Categories
It Happened to Me Toronto (a.k.a. Accordion City)

The Apartment Hunt, Part One

Two weekends ago, Wendy flew up to join me to go apartment hunting.

We’d spent a couple of weekends house-hunting, but the house-hunting

cycle — find a likely candidate house, look at it, wait for the offer

period, make the offer, get into a bidding war — is really tricky when

she doesn’t live in town. We decided to go for the rental option, let

her get familiar with the city and do the house-hunting after she’s

settled down here.

We went looking for rental properties in the

same areas we were looking to purchase a house: an area that

encompassed both Roncesvalles and the High Park area. These areas

represented a decent combination of good neighbourhood, bang for the

buck and closeness to both downtown and family. I’ve enjoyed my stay in

this lovely house in the lovely Queen and Spadina neighbourhood — the arrondissement that made me the Accordion Guy — but it’s time to move on.

Our criteria for a rental property were:

  • Located

    in the Roncesvalles or High Park neighbourhoods. Proximity

    to subway (or at least a well-served street transit route) preferred.

  • Rent in the neighbourhood of $1500/month (although cheaper is always good).
  • 2 bedrooms (one of which would serve as an office area).
  • 2 bath (a “one-and-a-half-bath” will do).
  • In-house laundry.
  • A look and feel suitable for a gentleman approaching his forties and a charming young lady who’s just entered her thirties.

Since

both my housemates were leaving our current house (Paul’s spending the

summer in Europe, while Rob’s moving in with his fiancee) and since

Wendy is still quite busy at work in Boston, that weekend was our only

real shot at landing a place. That meant that we had to be very

prepared for house-hunting.

It took the better part of Thursday

evening to line up a dozen places that met our criteria, and I was able

to arrange appointments to see almost all those places that weekend. In

an attempt to impress Wendy, who’s the type who loves to plan

everything in detail, I prepared a clipboard, with a printed-out Google

map for each place we would visit and wrote notes indicating the time

of our appointment for that apartment, as well as all the known facts

about that place. (She was impressed.) I also took care with the

scheduling to minimize the distance between appointments and to give us

a chance to take a breather between apartments. I even arranged to

“pre-screen” some apartments on Friday afternoon before Wendy arrived,

in the hopes of either finding a must-see place or rule out the dreck. I found both.

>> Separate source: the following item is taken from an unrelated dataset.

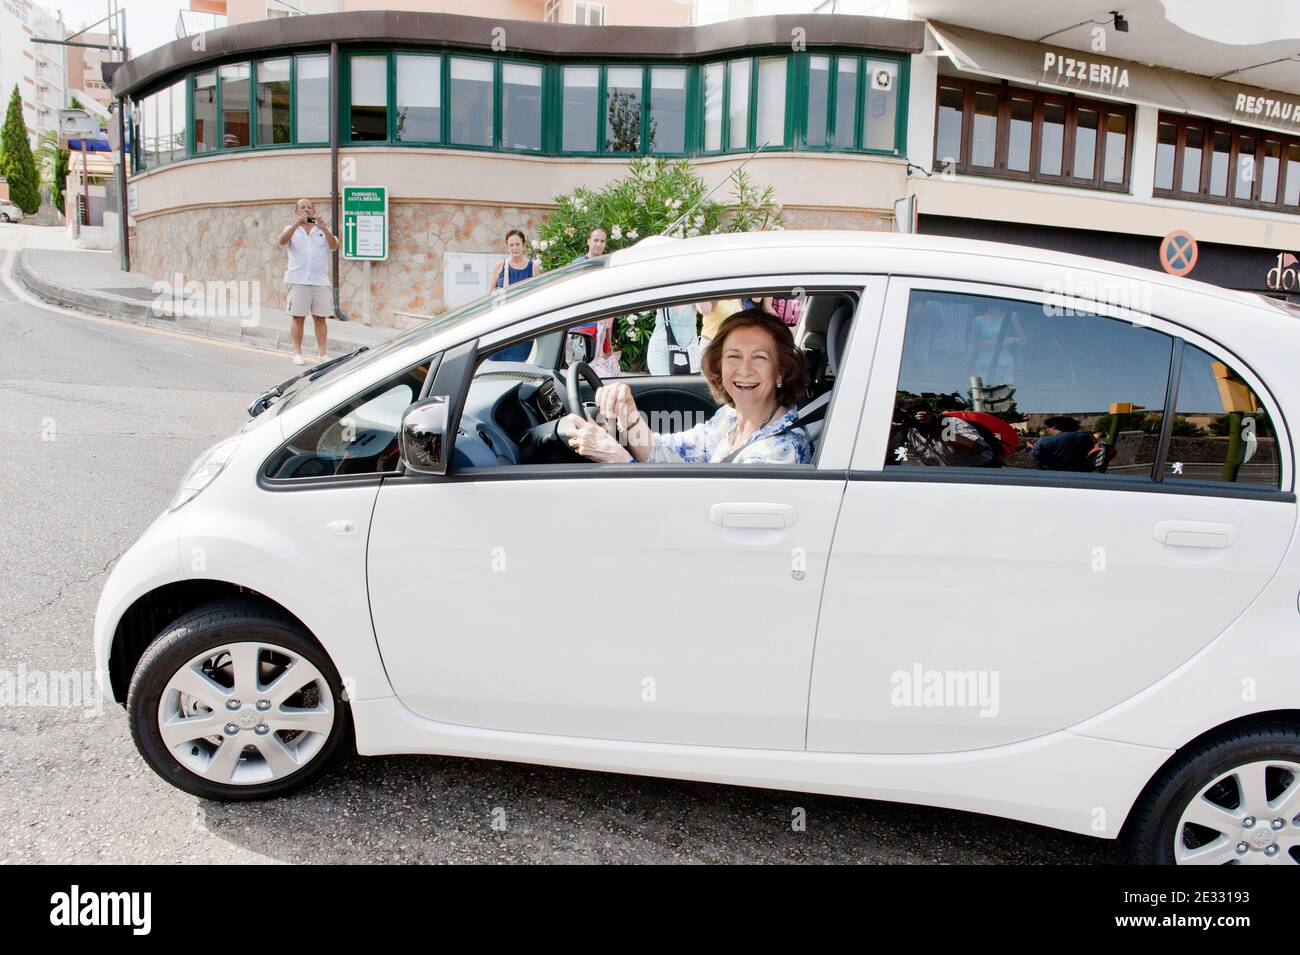 Spain's Queen Sofia drives a new electric car she just took delivery of, in Palma de Mallorca, Balearic Islands, Spain on August 11, 2010. The car, a Peugeot iON, has been lent to Queen SofÀa by the car company and was sent by air to Palma from Japan. The Queen will drive it for her private use for one month during her vacation at Marivent Palace on Mallorca. QueenæSofÀa has accepted the assignment as a show of support for electric cars as not pollutant vehicles respecting the environment. For security reasons the Queen was followed by two larger dark cars carrying her security detail. Photo b Stock Photo

Aside from the obvious one of

renting versus owning, there’s one major difference between

apartment-hunting and house-hunting: the variability. Because real

estate is an established and standardized industry with its own

practices and arcana, prices are more or less standardized. Once you’ve

narrowed down your search to a specific neighbourhood and type of

house, you know what you’ll get for a certain amount of money. Even

after only a couple of weekends of house-hunting in the High Park and

Roncesvalles areas, I can tell what a two-bedroom house listing for

$349,000 will have, versus one listing for $369,000 and one where the

asking price is $399,000. That’s because real estate agents have a more

or less standard methodology for pricing houses.

Rentals are

another matter entirely. In most cases, rentals are handled by

landlords, most of whom aren’t in the business of managing rental

properties, but people who hope to make some ongoing income off their

excess real estate. They’re not members of a continent-wide group like

Century 21, and their reasons for renting out their properties vary.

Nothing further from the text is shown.